▸ What is required
After locating the line with "Mecânico é preso" in the entries below, output it and each following line up to and including the line with "Angelique Black PVC Corset - Devil Fashion", exactly and without pictures.

▸ Data to process

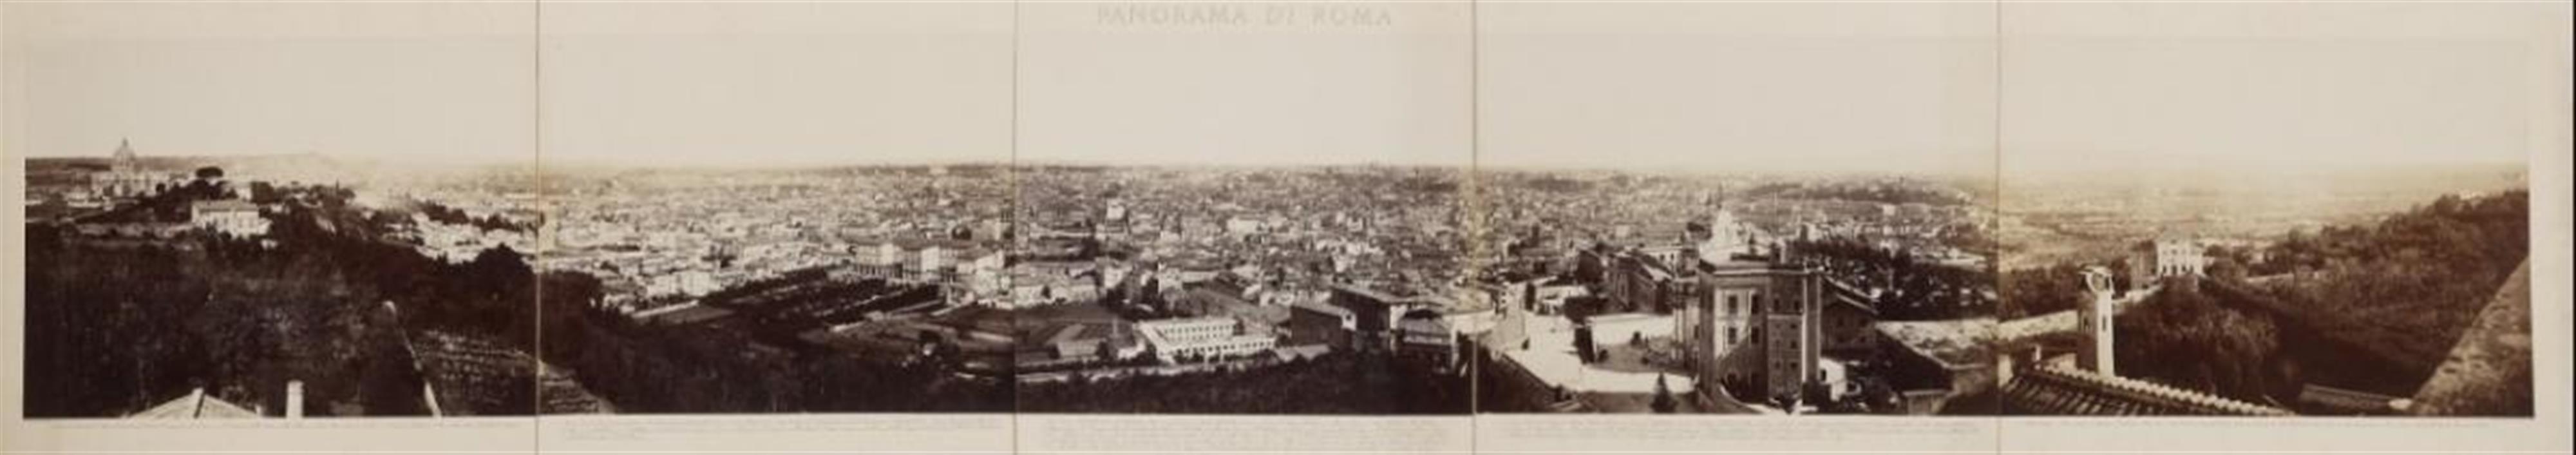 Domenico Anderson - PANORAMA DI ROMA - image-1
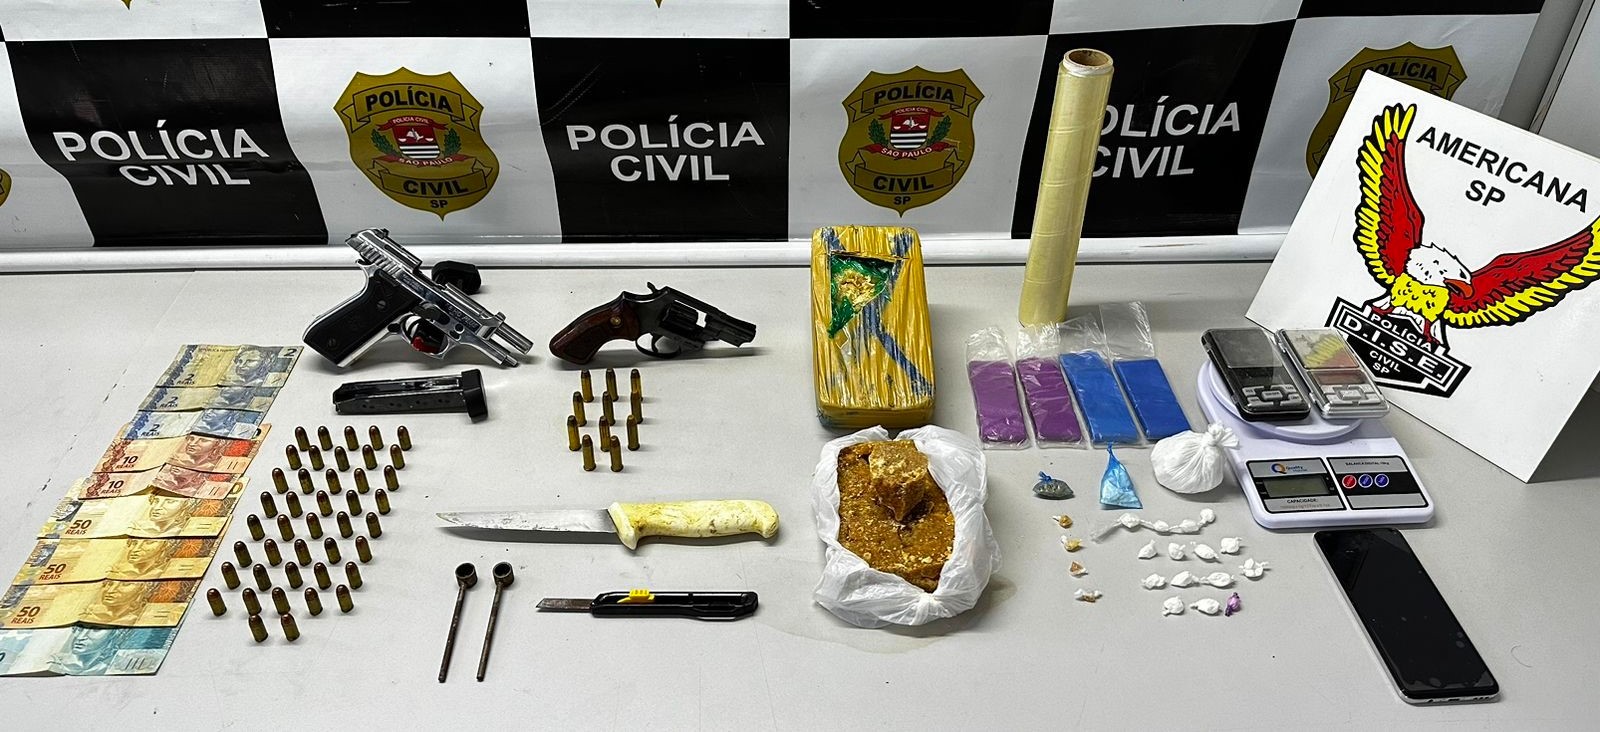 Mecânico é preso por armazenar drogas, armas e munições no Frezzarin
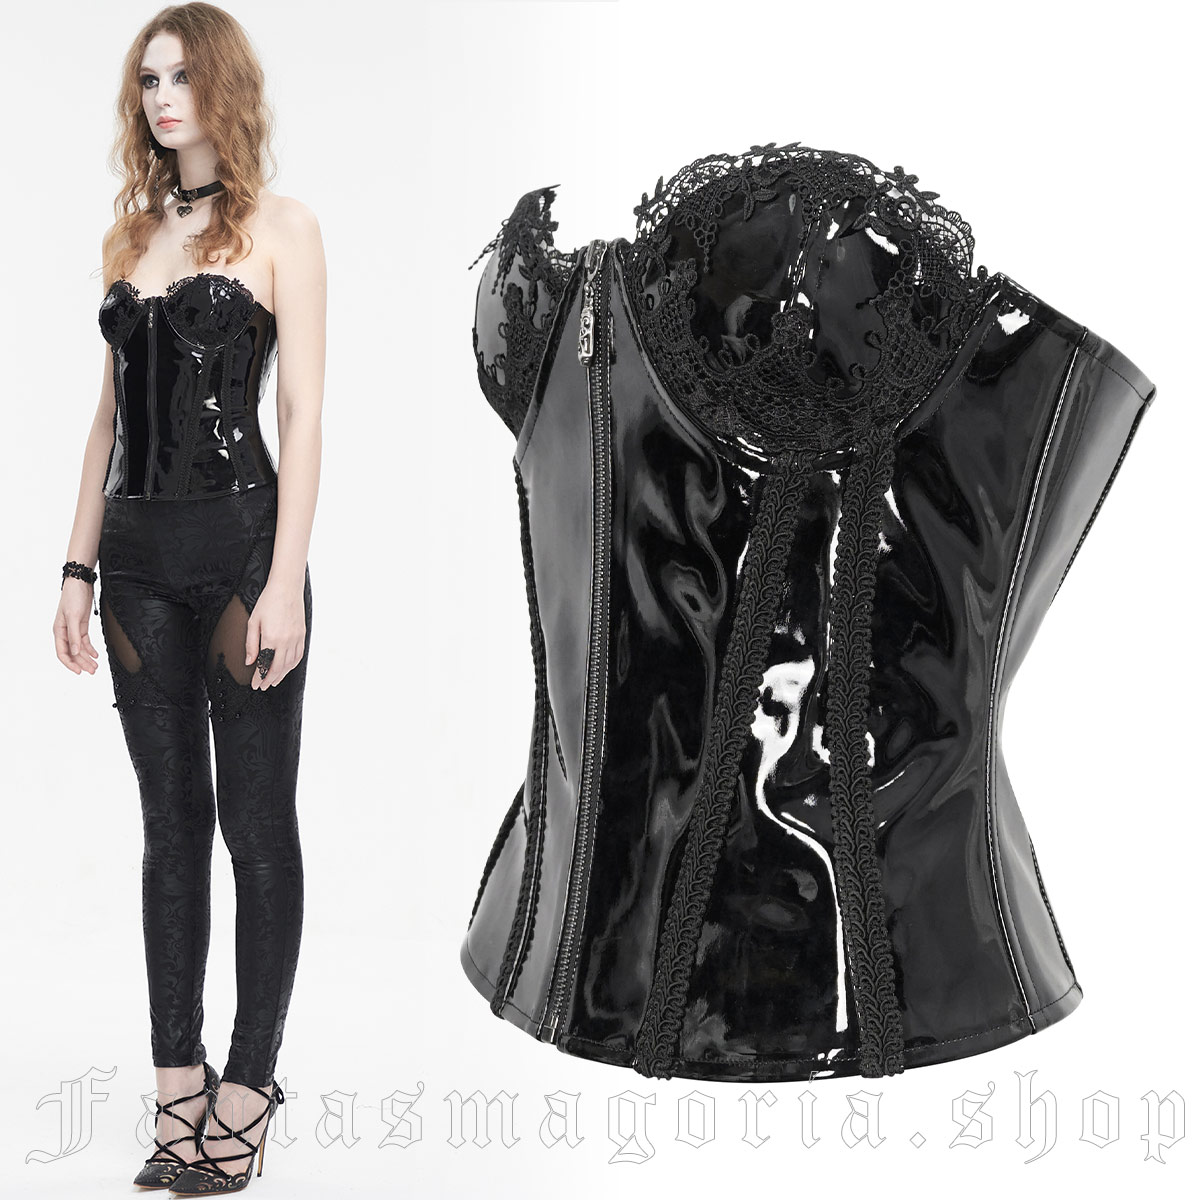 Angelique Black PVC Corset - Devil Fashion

==

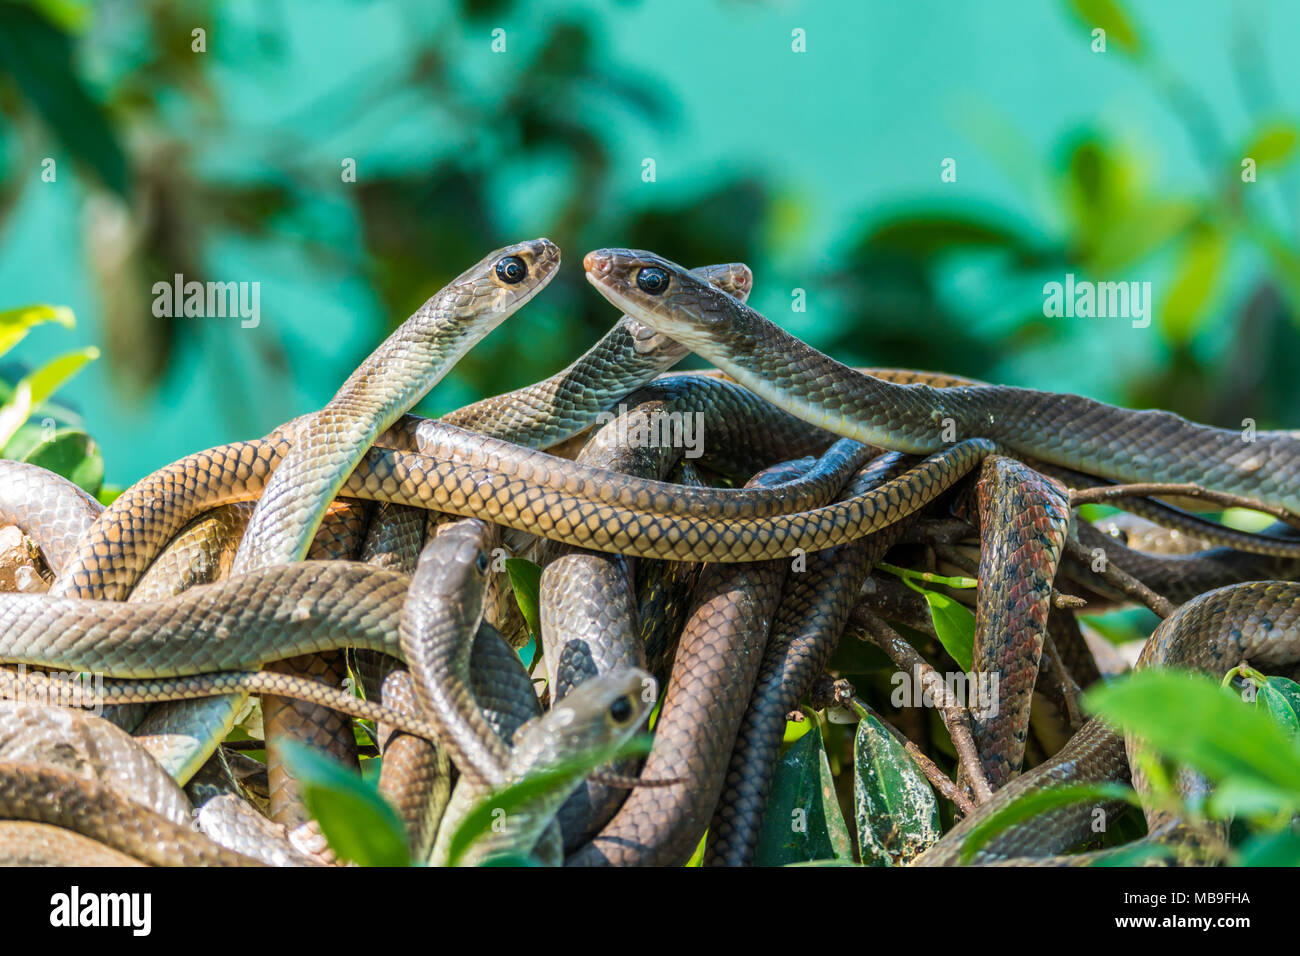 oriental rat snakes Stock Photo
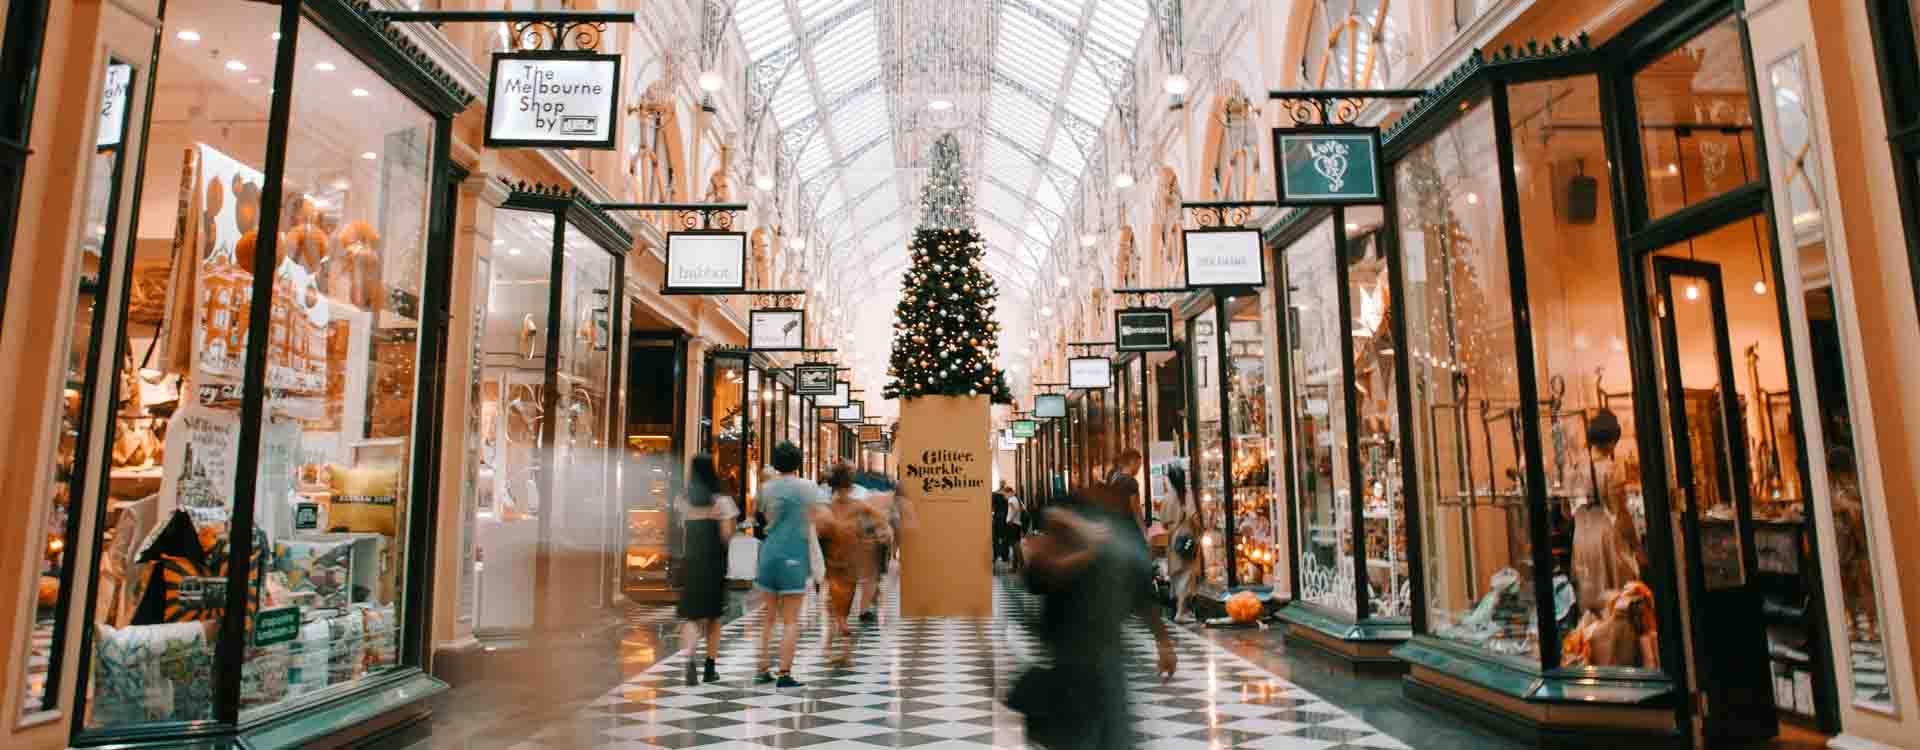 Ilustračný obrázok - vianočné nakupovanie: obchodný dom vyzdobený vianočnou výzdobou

▸ Completed exercise
 Mecânico é preso por armazenar drogas, armas e munições no Frezzarin
 Angelique Black PVC Corset - Devil Fashion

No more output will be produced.